Defining elements of a plot

Defining axes, ticks, and grids


In [11]:
x=range(1,10)
y=[1,2,3,4,0,4,3,2,1]

fig=plt.figure()
ax = fig.add_axes([.1, .1,1,1])
ax.plot(x,y)


Out[11]:
[<matplotlib.lines.Line2D at 0x11000da90>]

In [12]:
fig = plt.figure()
ax = fig.add_axes([.1, .1,1,1])

ax.set_xlim([1,9])
ax.set_ylim([0,5])

ax.set_xticks([0,1,2,4,5,6,8,9,10])
ax.set_yticks([0,1,2,3,4,5])

ax.plot(x,y)


Out[12]:
[<matplotlib.lines.Line2D at 0x1102d1e10>]

In [14]:
fig = plt.figure()
ax = fig.add_axes([.1, .1,1,1])

ax.set_xlim([1,9])
ax.set_ylim([0,5])

ax.grid() #seems like this takes away grid? different than tutorial
ax.plot(x,y)


Out[14]:
[<matplotlib.lines.Line2D at 0x110433e80>]

In [15]:
fig = plt.figure()
fig, (ax1,ax2)=plt.subplots(1,2)

ax1.plot(x)
ax2.plot(x,y)


Out[15]:
[<matplotlib.lines.Line2D at 0x10fd53c88>]
<matplotlib.figure.Figure at 0x110433e48>

Plot Formatting

Defining plot color, customizing line styles, setting marker styles


In [16]:
x = range(1,10)
y= [1,2,3,4,0.5,4,3,2,1]

plt.bar(x,y)


Out[16]:
<Container object of 9 artists>

In [17]:
wide=[0.5,0.5,0.5,0.9,0.9,0.5,0.5,0.9,0.9]
color = ['salmon']
plt.bar(x, y, width=wide, color=color, align='center')


Out[17]:
<Container object of 9 artists>

Note: with pandas objects

color_theme = ['darkgray','lightsalmon','powderblue'] df.plot(color=color_theme)


In [21]:
z = [1,2,3,4,0.5]

color_theme = ['#A9A9A9', '#FFA07A', '#B0E0E6','#FFE4CA','#BDB76B'] #hex codes
plt.pie(z, colors = color_theme)
plt.show()



In [22]:
#line styles
x1= range(0,10)
y1=[10,9,8,7,6,5,4,3,2,1]

plt.plot(x,y,ls = 'steps', lw = 5)
plt.plot(x1,y1, ls = '--', lw = 10)


Out[22]:
[<matplotlib.lines.Line2D at 0x110ad3470>]

In [23]:
#plot markers
plt.plot(x,y,marker = '1', mew=20)
plt.plot(x1,y1, marker = '+', mew=15)


Out[23]:
[<matplotlib.lines.Line2D at 0x110adad30>]

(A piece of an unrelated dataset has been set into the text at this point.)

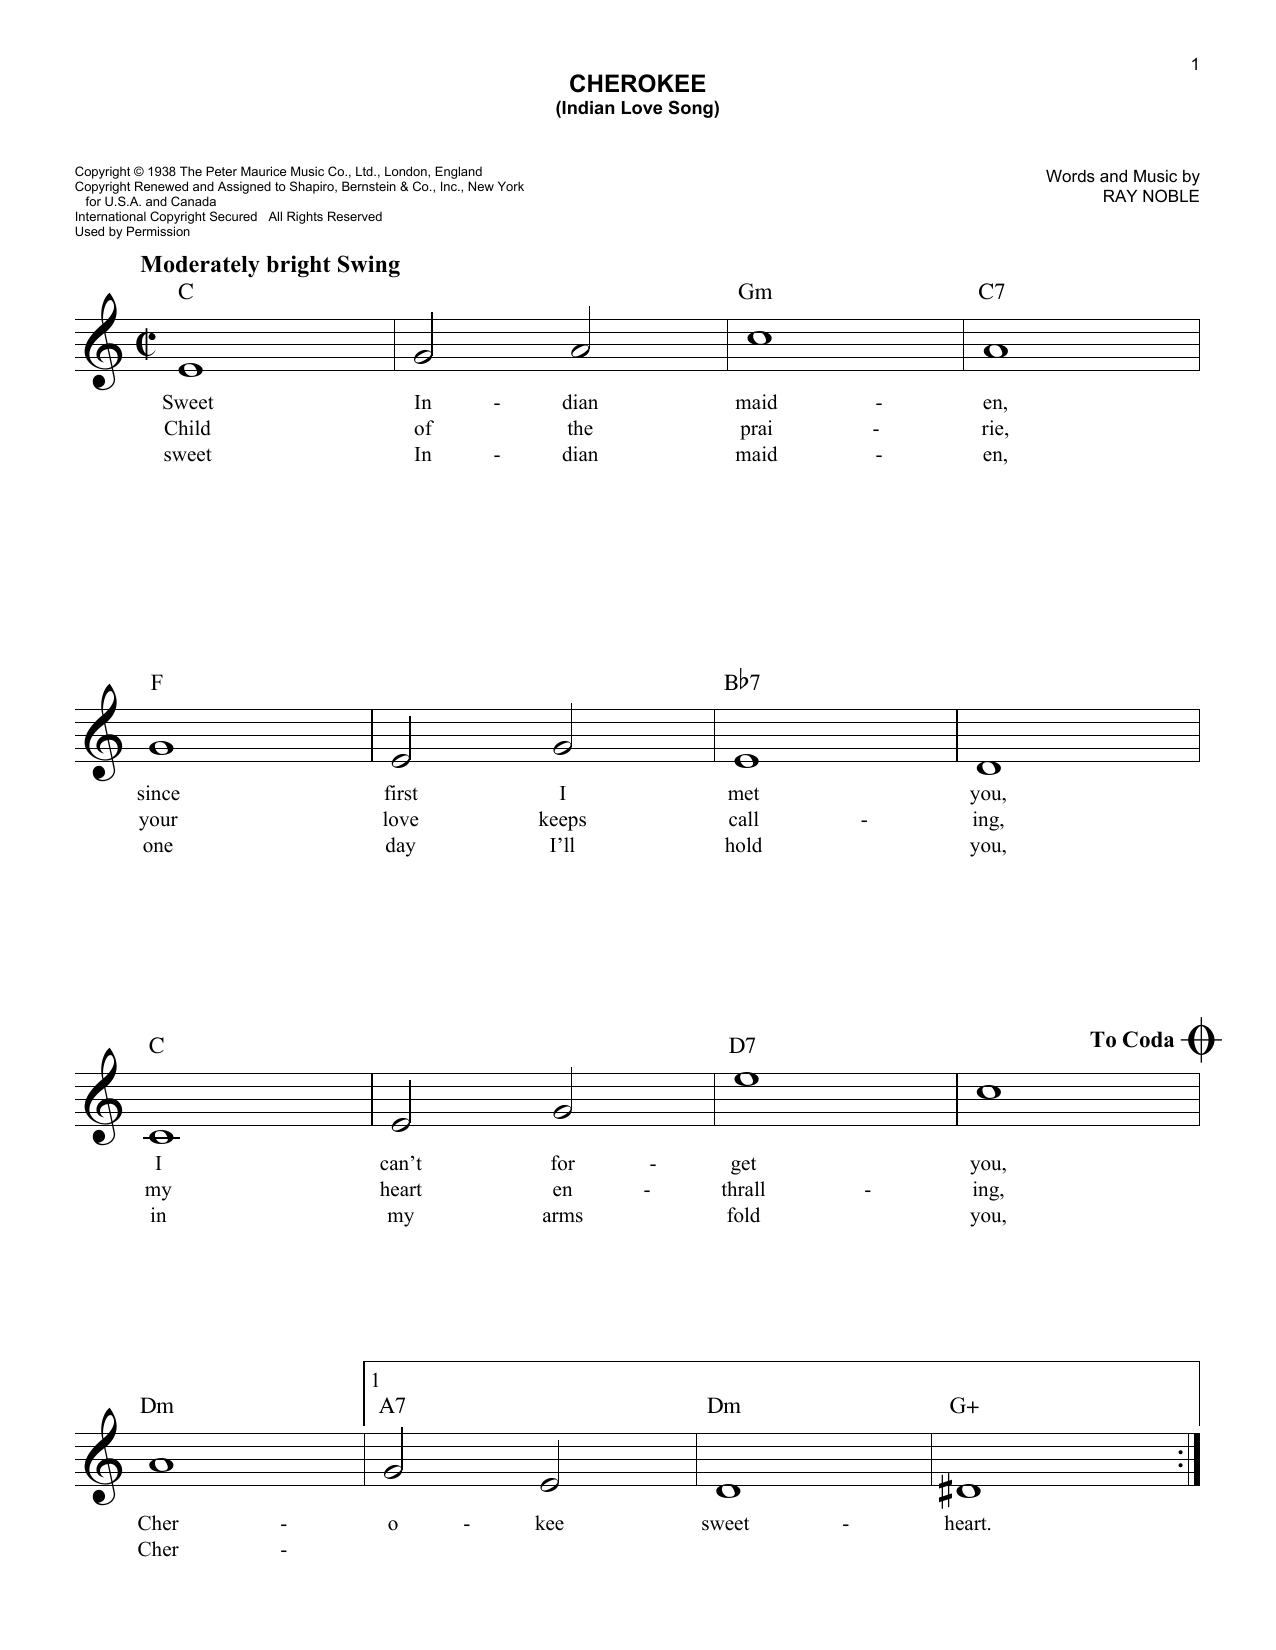 Download Ray Noble Cherokee (Indian Love Song) Sheet Music
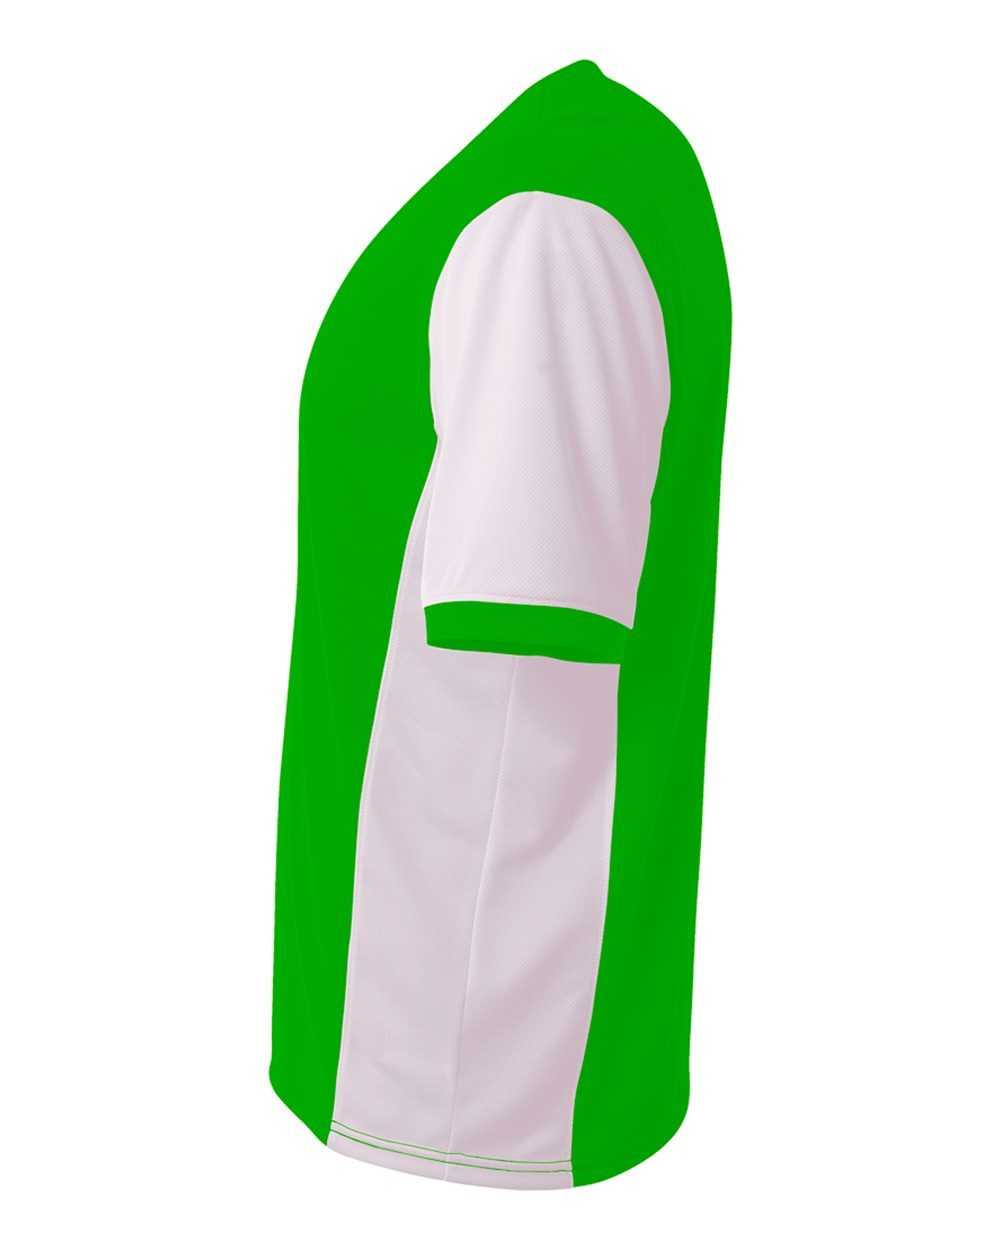 A4 N3017 Premier Soccer Jersey - Lime White - HIT a Double

Create labels and annotations

labeling plot features, adding a legend, annotating plot


In [24]:
#functional method
x= range(1,10)
y=[1,2,3,4,0.5,4,3,2,1]
plt.bar(x,y)

plt.xlabel('your x-axis label')
plt.ylabel('your y-axis label')


Out[24]:
<matplotlib.text.Text at 0x110890390>

In [25]:
z= [1,2,3,4,0.5]
veh_type = ['bicycle', 'motorbike','car','van','stroller']
plt.pie(z, labels= veh_type)
plt.show()



In [26]:
#object oriented has ways of doing this too
#uses cars dataset
#didn't copy down everything

#fig = plt.figure()
#ax = fig.add_axes([])
#mpg.plot()

#ax.set_xticks(range(32))

#ax.set_xticklabels()
#ax.set_title('Title goes here')
#ax.set_xlabel('car names')
#ax.set_ylabel('miles/gal')

#ax.legend(loc='best')

In [27]:
#add legend
plt.pie(z)
plt.legend(veh_type, loc='best')
plt.show()



In [28]:
#annotate
#object oriented: ax.annotate('Toyota Corolla', xy=(19,33,9), xytext=(21,35), 
    #arrowprops = dict(facecolor='black',shrink=0.05))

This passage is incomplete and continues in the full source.